We will never know what might have happened had Saddam Hussein and his sons been left in power. Nor do we know how Iraq will evolve; history's judgment in five years or 10 may look very different than today's.

History in five years will likely say that Bush belongs at the Criminal Court at the Hague. You really think history is going to prove Bush right here? You are sounding like Bush. But that is obvious.

The easy way out is to blame President Bush, Vice President Cheney or former defense secretary Donald H. Rumsfeld: The decision was right, the execution wrong.

It would be easy because it's the truth. The decision was not right. How can you say that now?

David Kay's postwar report suggests that Saddam Hussein would have used the resulting loosening of bonds to build a dangerous arsenal.We underestimated, too, the regime's determination to fight back and its resourcefulness in doing so.It would almost be comforting if Mr. Bush had "lied the nation into war," as is frequently charged. The best postwar journalism instead suggests that the president and his administration exaggerated, cherry-picked and simplified but fundamentally believed -- as did the CIA -- the catastrophically wrong case that then-Secretary of State Colin L. Powell presented to the United Nations.

Give me a freaking break. Saddam had the opportunity to cheat during the sanctions regime. He didn't start building back up his arsenal during 2001 & 2002 when "geniuses" such as yourself said he was because of the corrupt food for oil program. So when was he going to start again exactly? What would have made his arsenal any more dangerous that that of his neighbors?

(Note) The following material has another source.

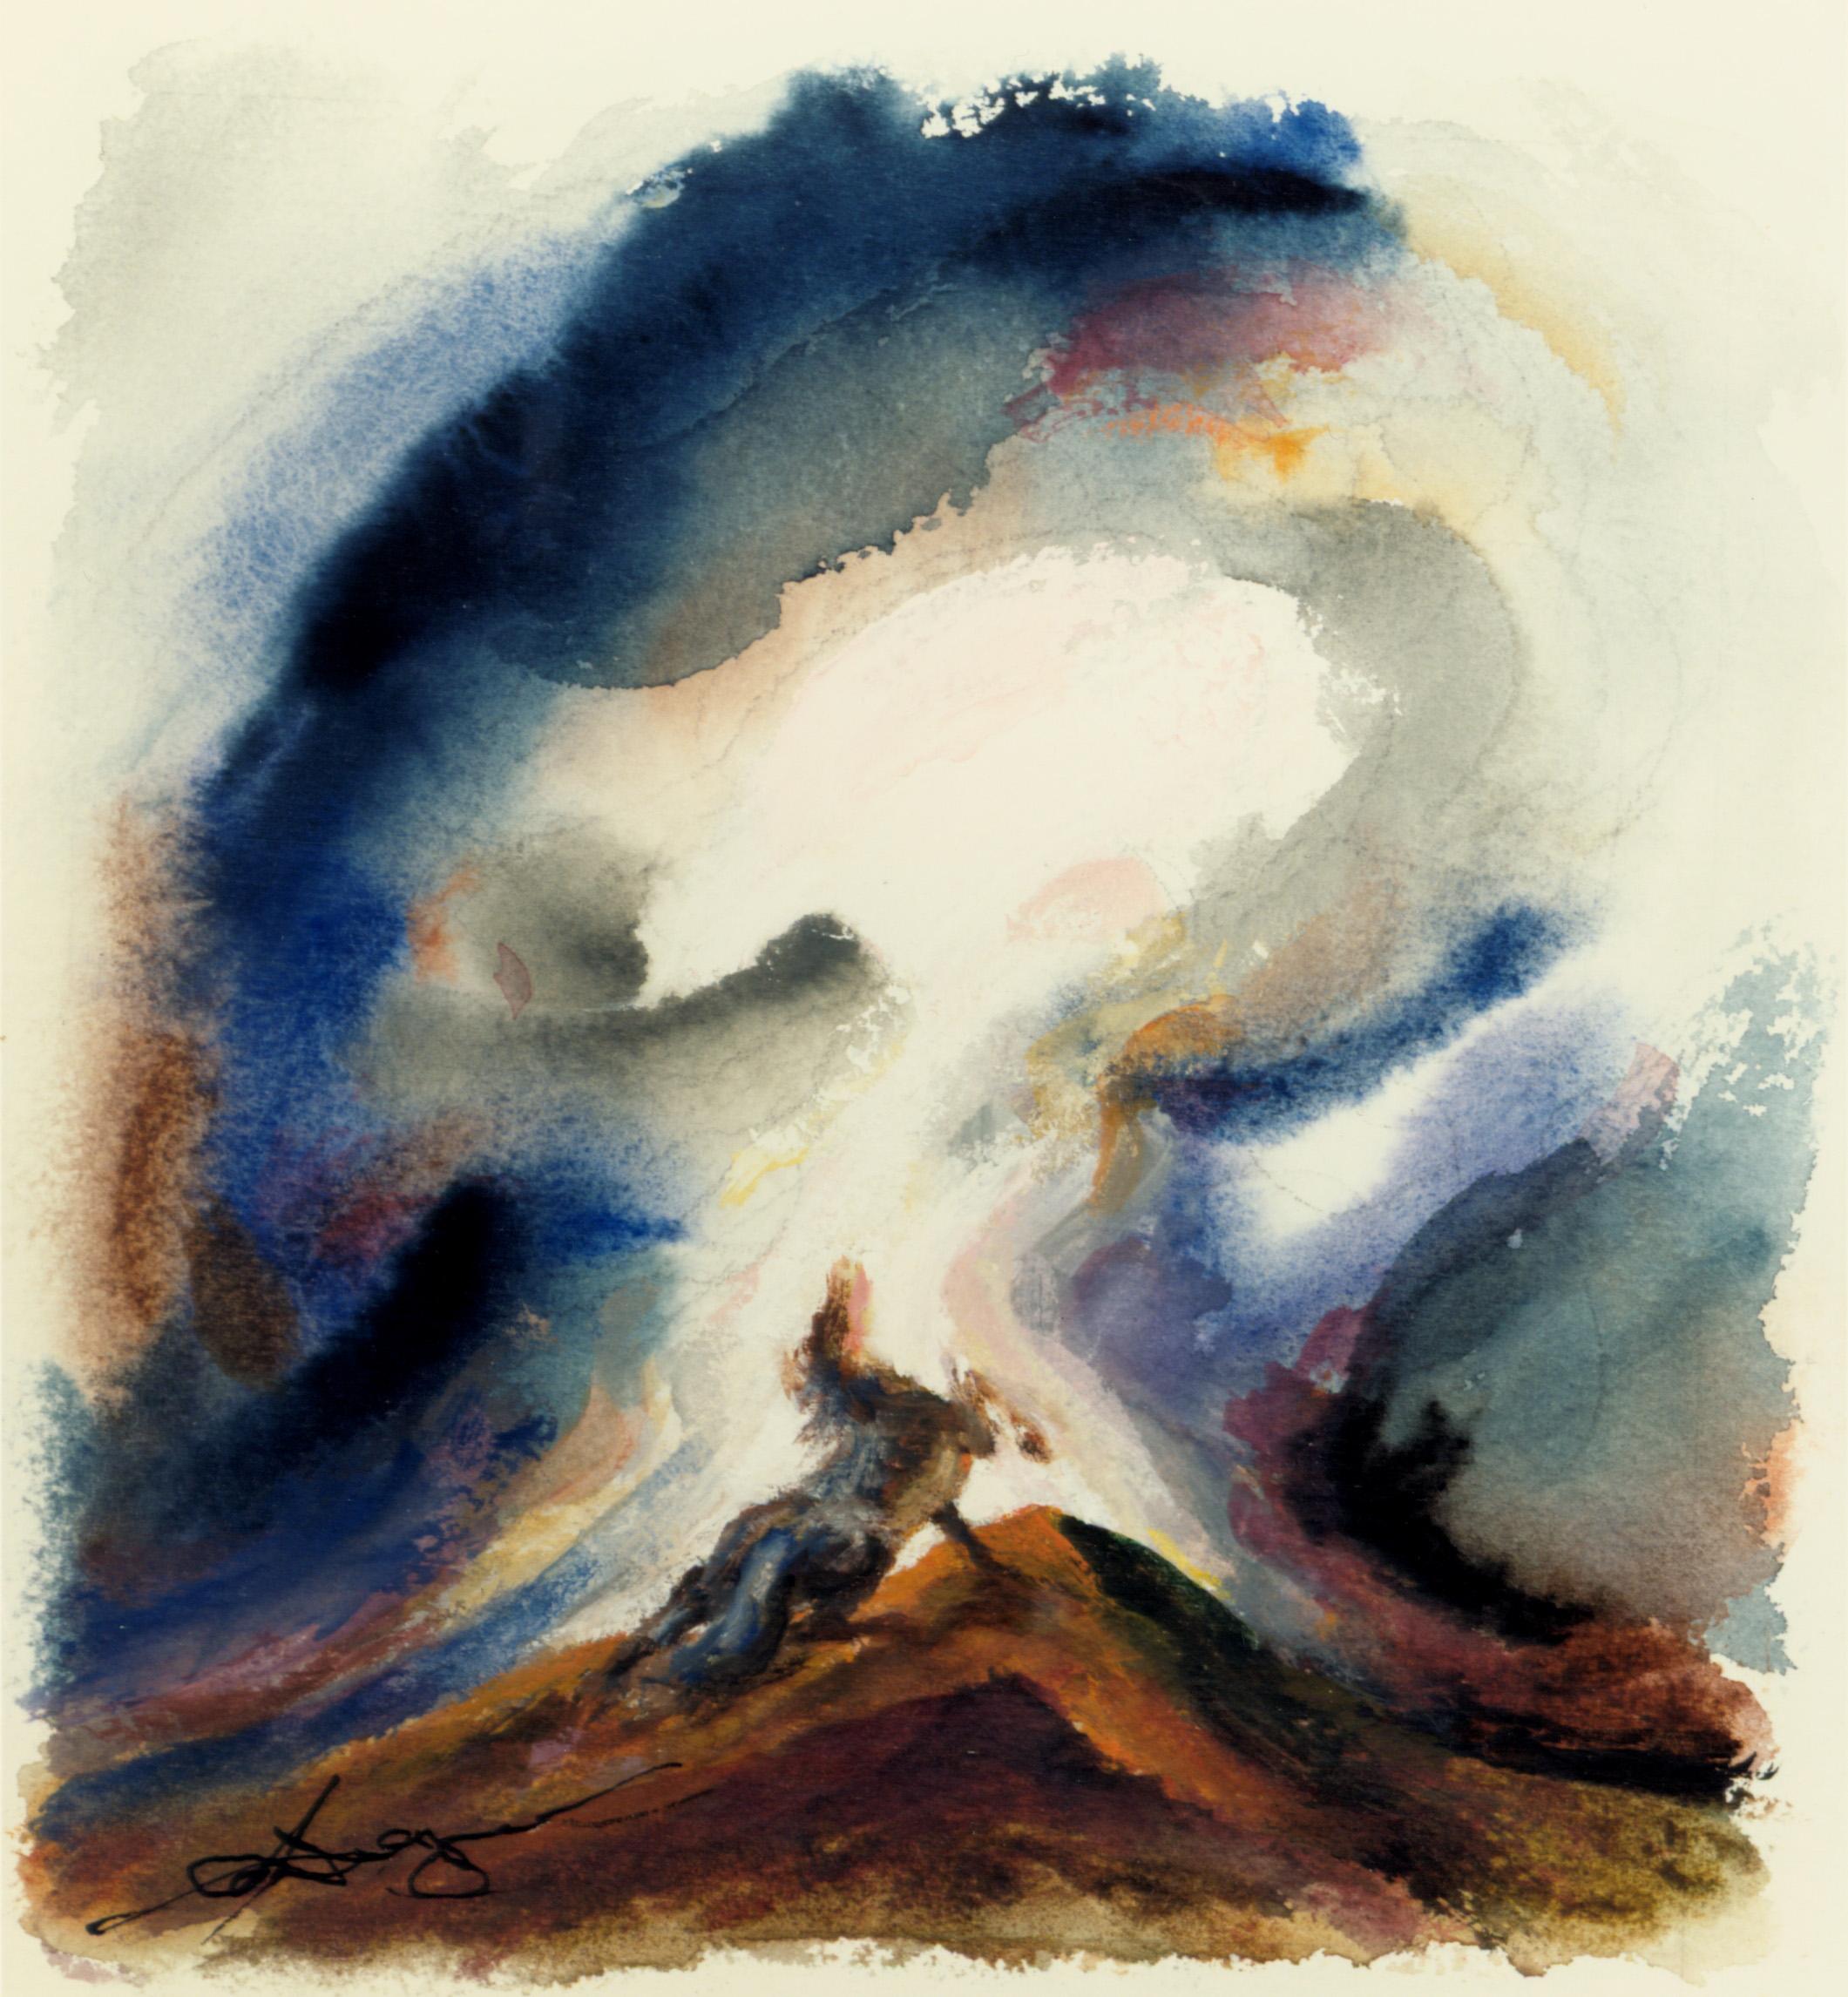 (Watercolor, Gouache, 10 x 9 in.)

The risks of war with North Korea or Iran are evident; but the cost of leaving nuclear weapons in the hands of a Mahmoud Ahmadinejad or a Kim Jong Il may not become evident until the price has been paid.

Don't you even go there, you little weasel. I don't care how much you have invested in this failed policy. The United States is not going to allow you to cheerlead us into a military action in Iran. North Korea seems off the table now btw. You hear about that? We tried something called diplomacy for a lark, and it's working.
Walking away is likely to make a bad situation worse. A patient, sustained U.S. commitment, with gradually diminishing military forces, could still help Iraq to move in the right direction.

Perhaps in six months, or in a Friedman unit, things will be much better in Iraq. If you had been running the Washington Post during the Nixon regime, we would have seen peace is at hand, and calls for the paper to fire Woodward and Bernstein for destabilizing the Nixon regime.

Fred Hiatt needs to be fired.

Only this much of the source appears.